Vacancy Collaborative Working to Solve Vacancy Problem in St. Louis City

    Like many Midwestern legacy cities, St. Louis has experienced a sharp decline in population since the mid 20th century. A declining population, coupled with systemic poverty, has resulted in vacant and abandoned properties across the city.

    According to Mayor Lyda Krewson’s “A Plan to Reduce Vacant Lots and Buildings” report, of the 129,000 total properties in St. Louis, about 25,000 are considered vacant and abandoned.

    These vacant properties blight neighborhoods, decrease the values of nearby occupied properties, and pose serious health and public safety risks. Vacant and abandoned properties also strain City resources.

    Maintenance and upkeep has cost the St. Louis taxpayer more than $17 million in just the last five years.

    “It costs us all in ways that means we don’t have resources going for other purposes: schools, police, parks, and all kinds of things,” said Bob Lewis, Co-Chair of the Vacancy Advisory Committee.

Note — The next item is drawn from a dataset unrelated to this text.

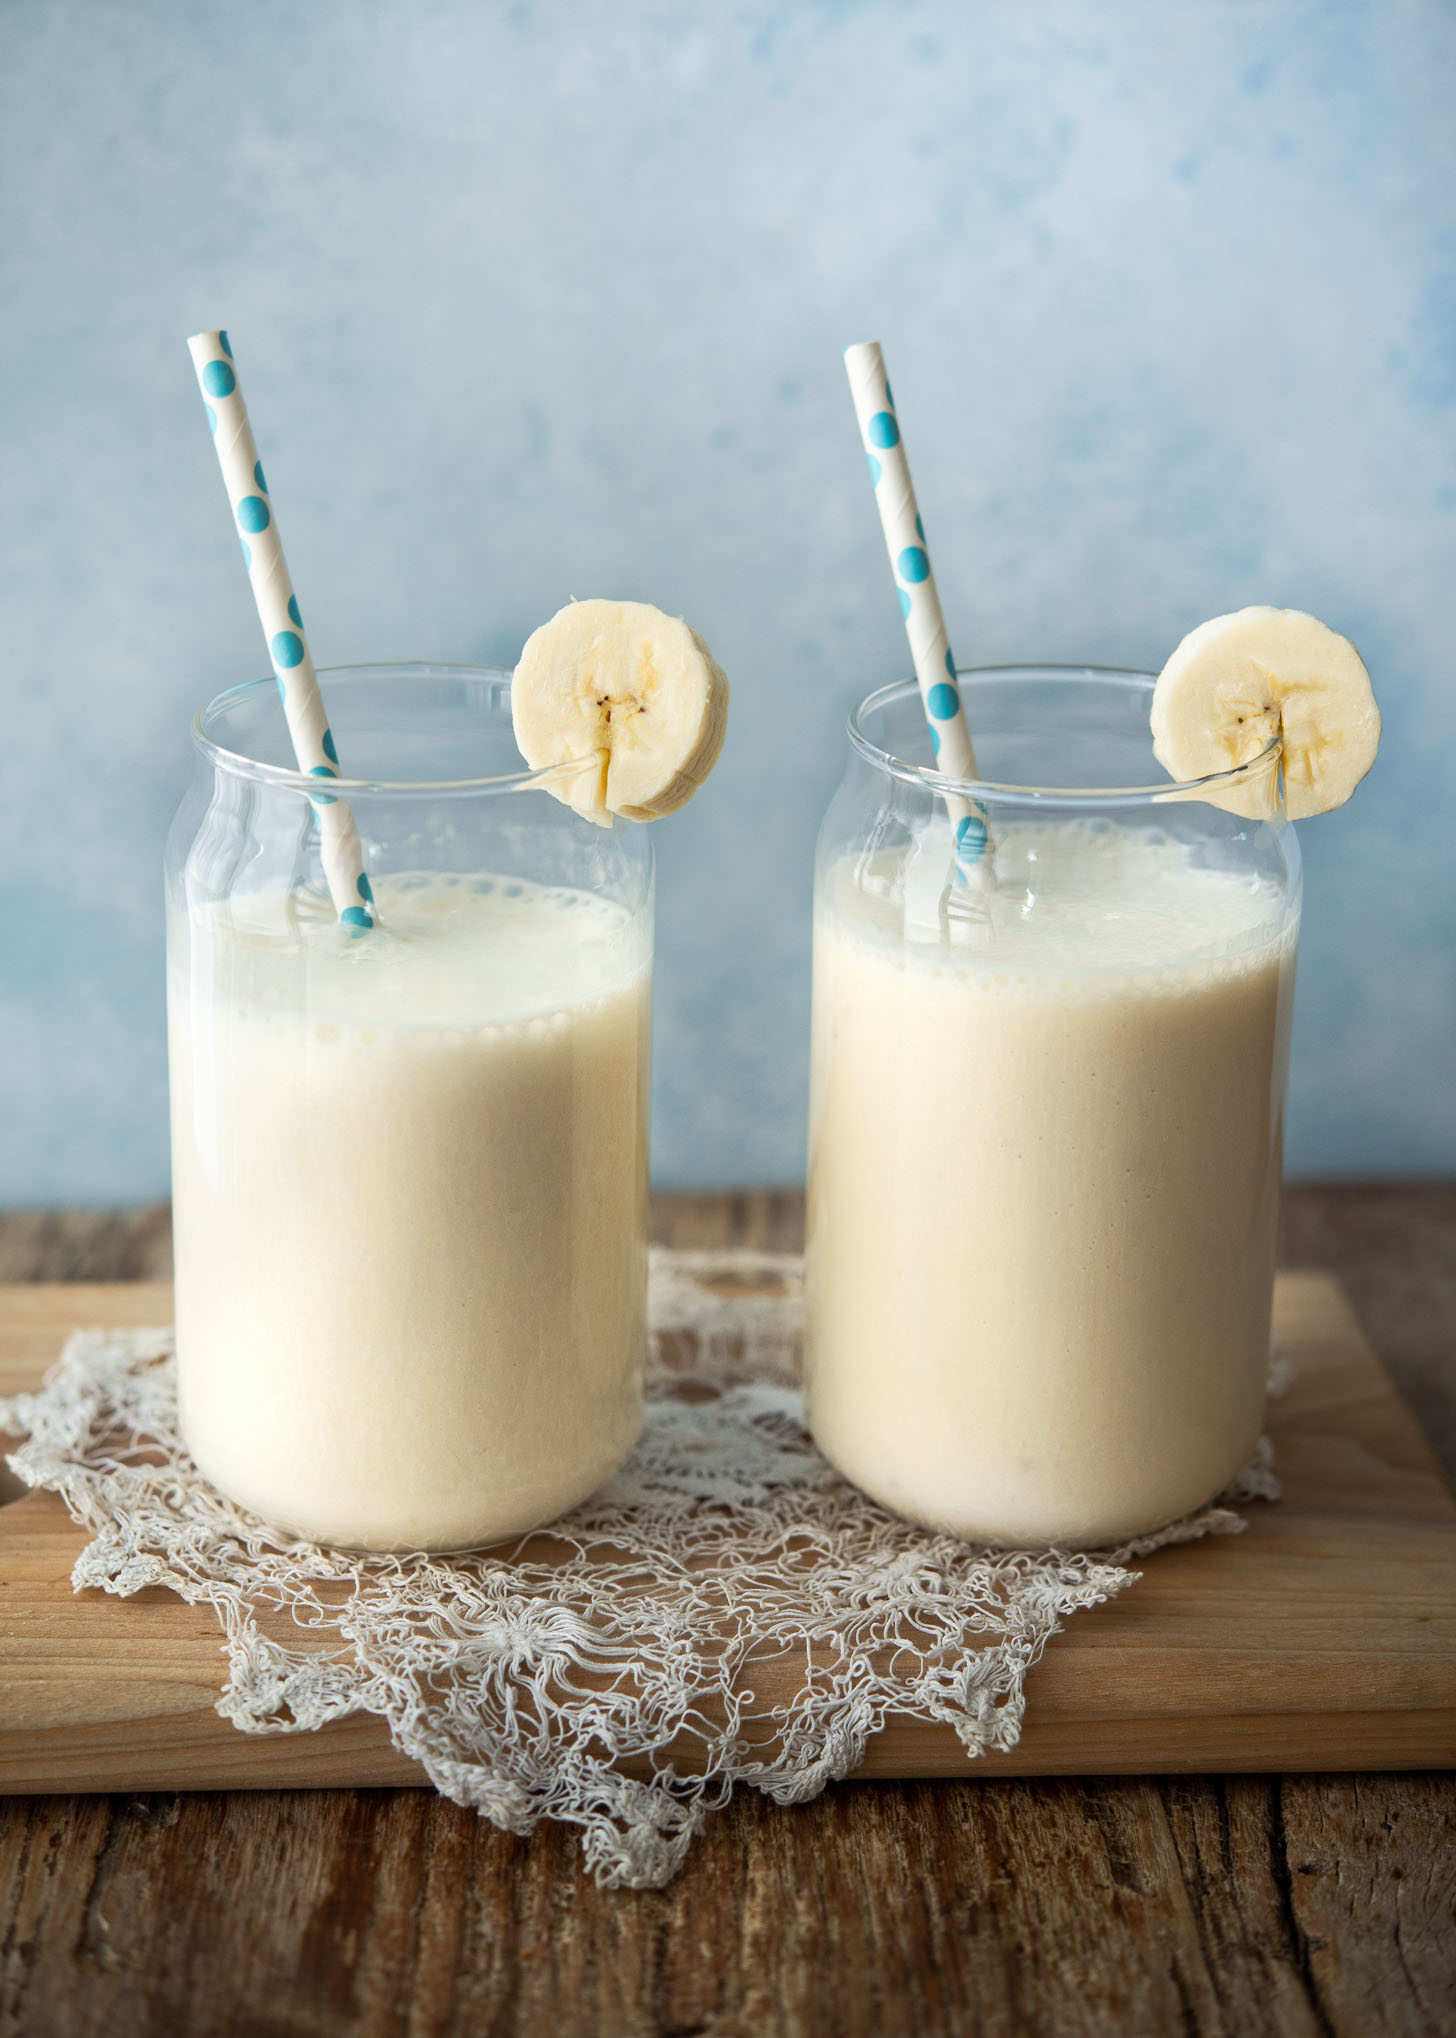 Fresh homemade banana milk made with 3 ingredients for a Korean drink.

    The St. Louis Vacancy Collaborative, a working coalition of St. Louis residents, civic leaders, non-profits, and business leaders, launched in 2018 in order to address this chronic vacancy issue.

    “I can just imagine what younger people who live in it feel when they have to go out in it everyday and walk to school and walk past the broken glass, the trash, the filthy lots, dilapidated homes, and you just feel like you are not valued, you don’t have worth,” said Sundy Whiteside, Co-Chair of the Vacancy Advisory Committee.

    According to the St. Louis Vacancy Collaborative website, the number of vacant parcels has decreased by nearly 20 percent due to publicly funded demolitions since the launch of the collaborative.

    In order to prevent vacancy, it is important to understand the cause of it in the first place.

    “Many of the problems that contribute to vacancy exist here. Some of those are systemic poverty issues. Some of those are issues related to white flight, segregationist racist practices, by private owners and government policy going back decades,” said Peter Hoffman, Staff Attorney at Legal Services of Eastern Missouri.

    “If you look at historic maps of where these vacant properties exist, you can find some correlation there between historic access to credit, like redlining and the inability of people of color to be able to get a loan for their property, to buy property. A lot of redlining maps kind of mirror where our vacancy problems are the highest today.”